The DNN architecture is designed to learn the complex relationships between input features and the corresponding SPP/SDM values, facilitating accurate prediction and effective speech enhancement. Other types of DNNs may be used instead of or in combination with the illustrated RNN. Other machine learning models that may be embodied as DNNs include transformer networks, convolutional neural networks (CNNs), and encoder-decoder structures. A transformer network is also useful for temporally changing data, as it can be used to predict a state or outcome of sequence-to-sequence tasks while handling long-range dependencies. An encoder-decoder neural network uses an encoder to convert an input to a latent space representation, which can then be decoded to reconstruct the latent space representation into an analogous form. A CNN applies convolutions using a filter/kernel over a time varying signal, which can identify temporal patterns in a signal. The DNN may include a combination of different types of deep learning models (e.g., CNN and RNN).

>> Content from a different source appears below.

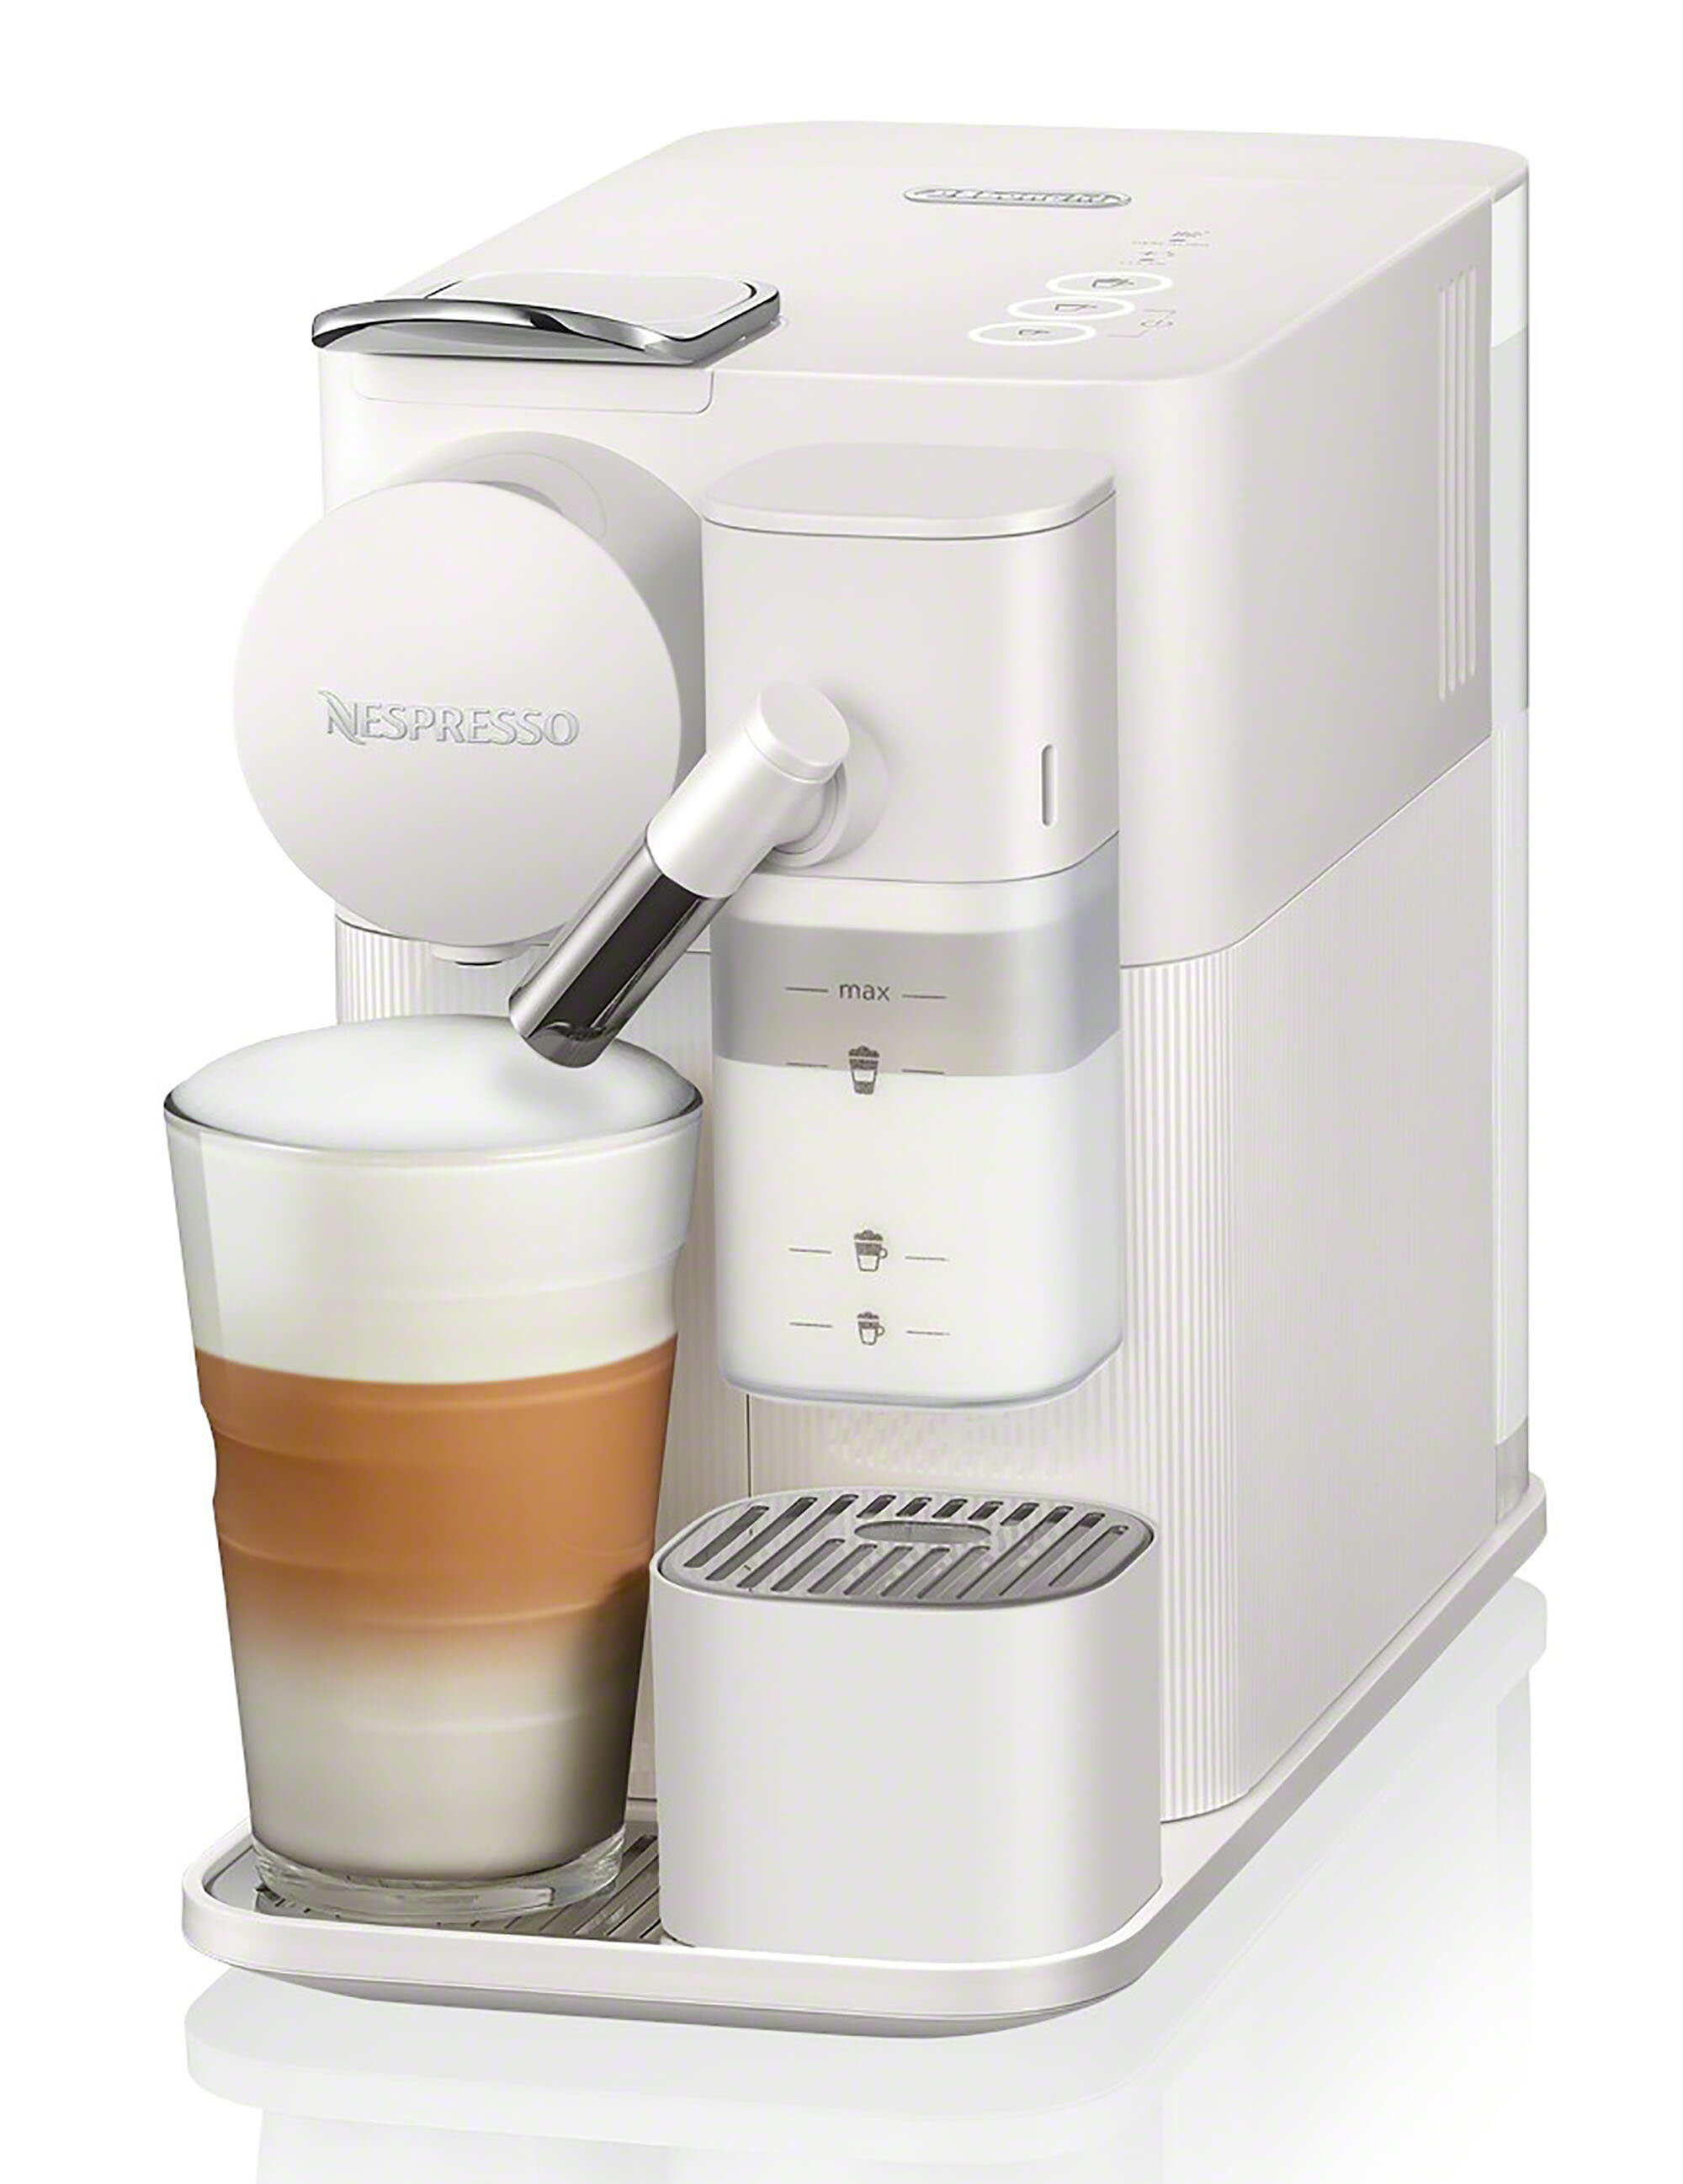 https://assets.wfcdn.com/im/69294291/compr-r85/1667/166792282/nespresso-lattissima-one-original-espresso-machine-with-milk-frother.jpg

In FIG. 7, a flowchart illustrates a method according to an example embodiment that may be processor-implemented in an ear-wearable device. The method involves receiving 700 an audio signal from at least one microphone of the ear-wearable device. The audio signal is input 701 to a deep neural network (DNN) that is trained to distinguish between speech and noise in the audio signal. A speech presence probability (SPP) metric is determined 702 based on the output of the DNN. The output of the DNN may include the SPP and/or a SDM, and SPP may be determined indirectly from the SDM. An aggressiveness of noise reduction applied to the audio signal is changed 703 based on a value of the SPP. The noise-reduced audio signal is reproduced 704 via a receiver within an ear of a user.

In FIG. 8, a block diagram illustrates a system and ear-wearable/hearing device 800 in accordance with any of the embodiments disclosed herein. The hearing device 800 includes a housing 802 configured to be worn in, on, or about an ear of a wearer. The hearing device 800 shown in FIG. 8 can represent a single hearing device configured for monaural or single-ear operation or one of a pair of hearing devices configured for binaural or dual-ear operation. Where two devices are used, they may be functionally equivalent, e.g., perform the same operations as least as it relates to DOA processing. Functionally equivalent devices may still operate differently, e.g., having different physical form for left/right sides, having different ear canal fittings, having different sound processing settings to deal with ear-specific (left or right) pathologies, etc.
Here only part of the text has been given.